Dataset excerpt:
········

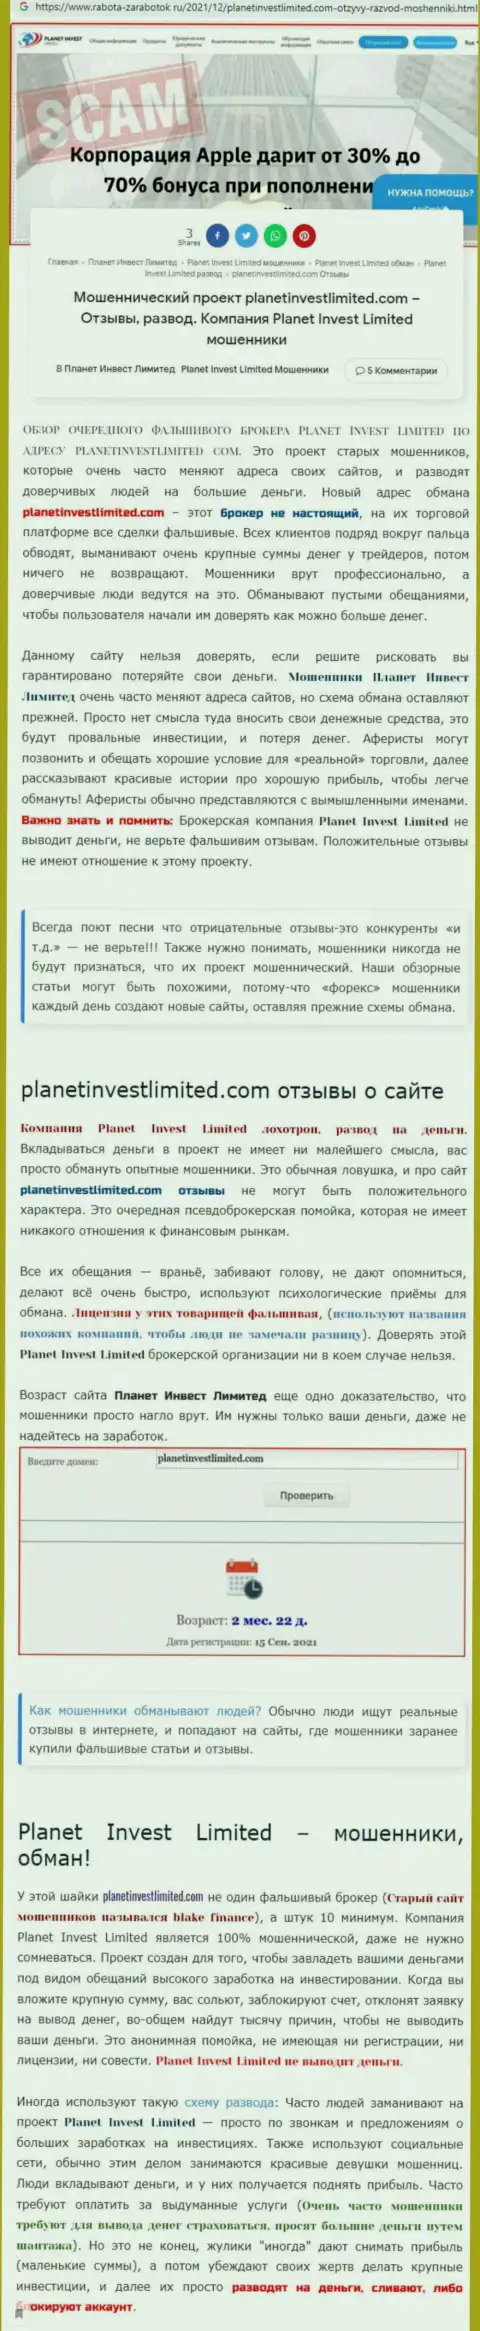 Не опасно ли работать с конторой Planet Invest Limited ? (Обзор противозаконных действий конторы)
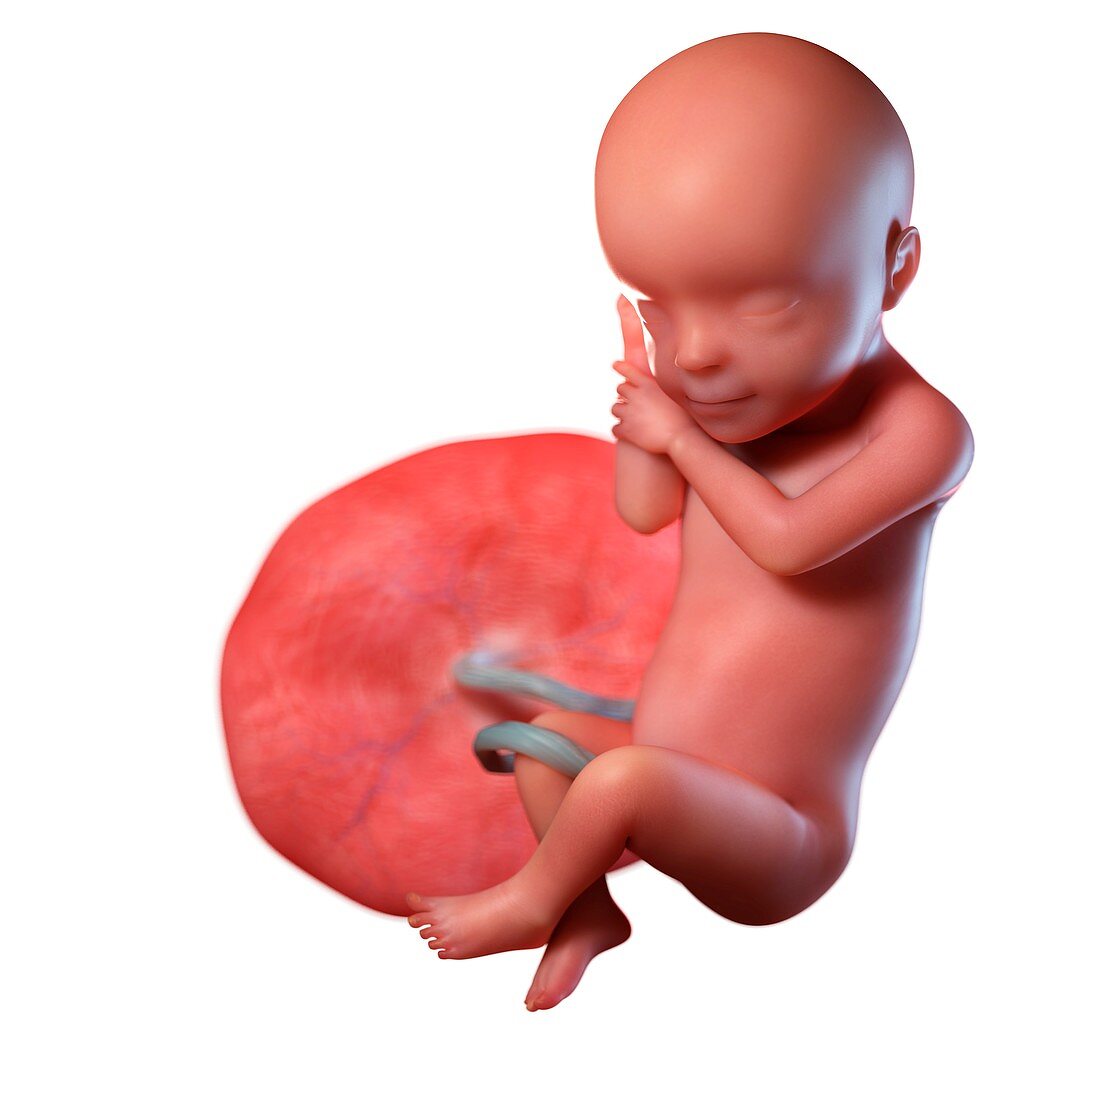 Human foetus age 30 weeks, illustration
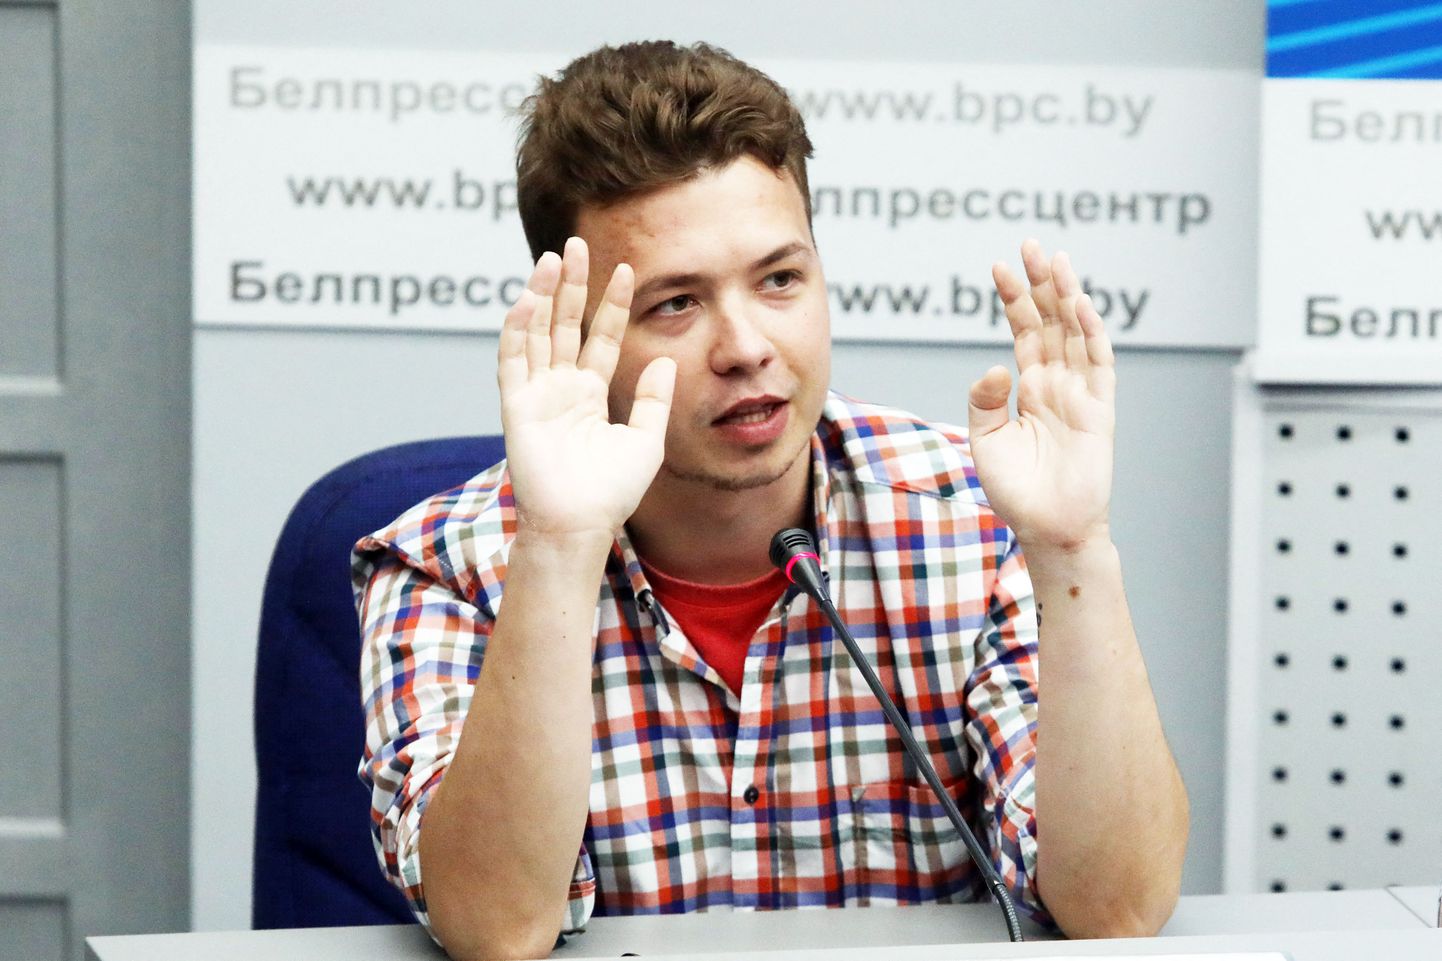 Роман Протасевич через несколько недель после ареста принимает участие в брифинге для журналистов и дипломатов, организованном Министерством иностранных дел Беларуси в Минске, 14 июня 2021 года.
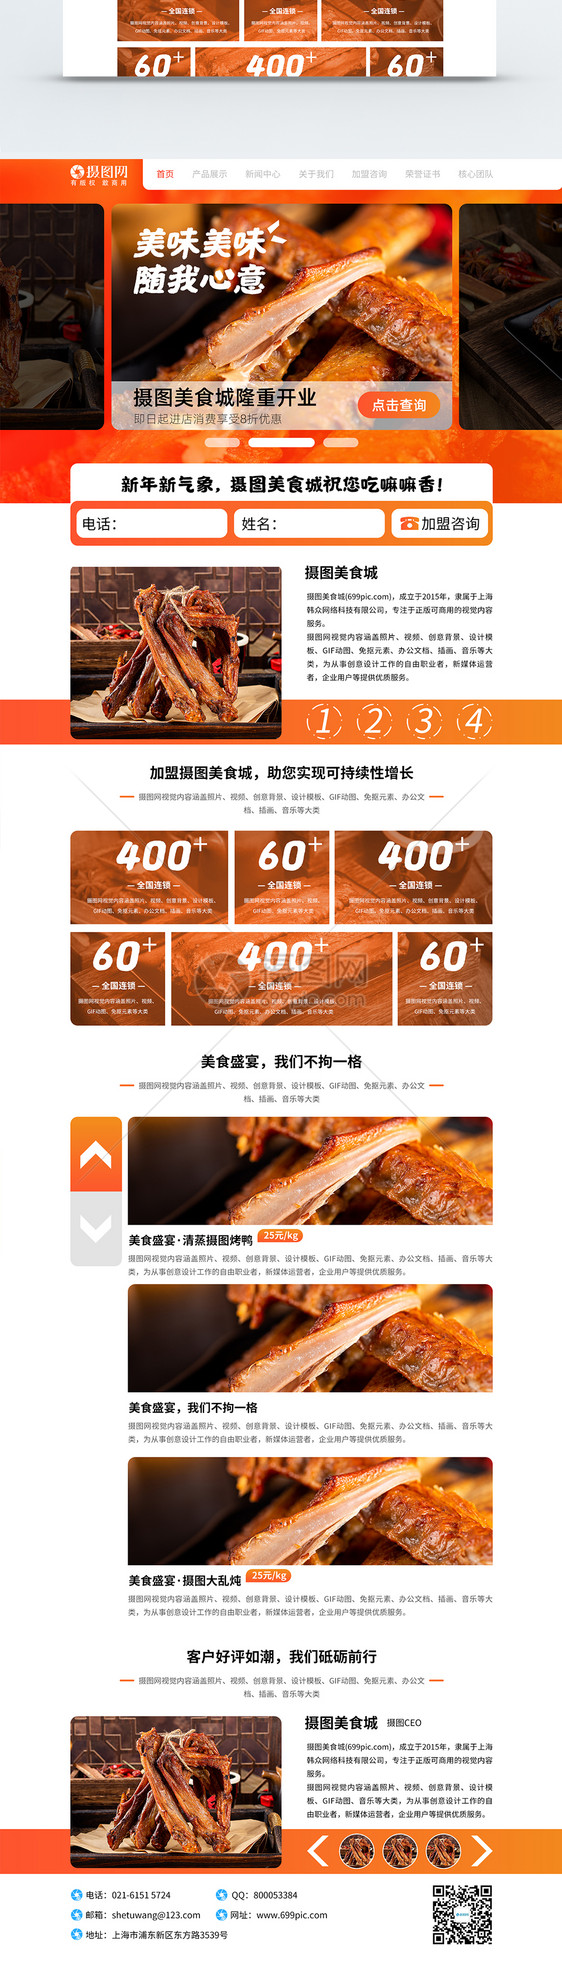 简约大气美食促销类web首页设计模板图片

········

Problem details: Without including any pictures, reproduce the data exactly.

Your solution:
 Не опасно ли работать с конторой Planet Invest Limited ? (Обзор противозаконных действий конторы)
 Human foetus age 30 weeks, illustration
 Роман Протасевич через несколько недель после ареста принимает участие в брифинге для журналистов и дипломатов, организованном Министерством иностранных дел Беларуси в Минске, 14 июня 2021 года.
 简约大气美食促销类web首页设计模板图片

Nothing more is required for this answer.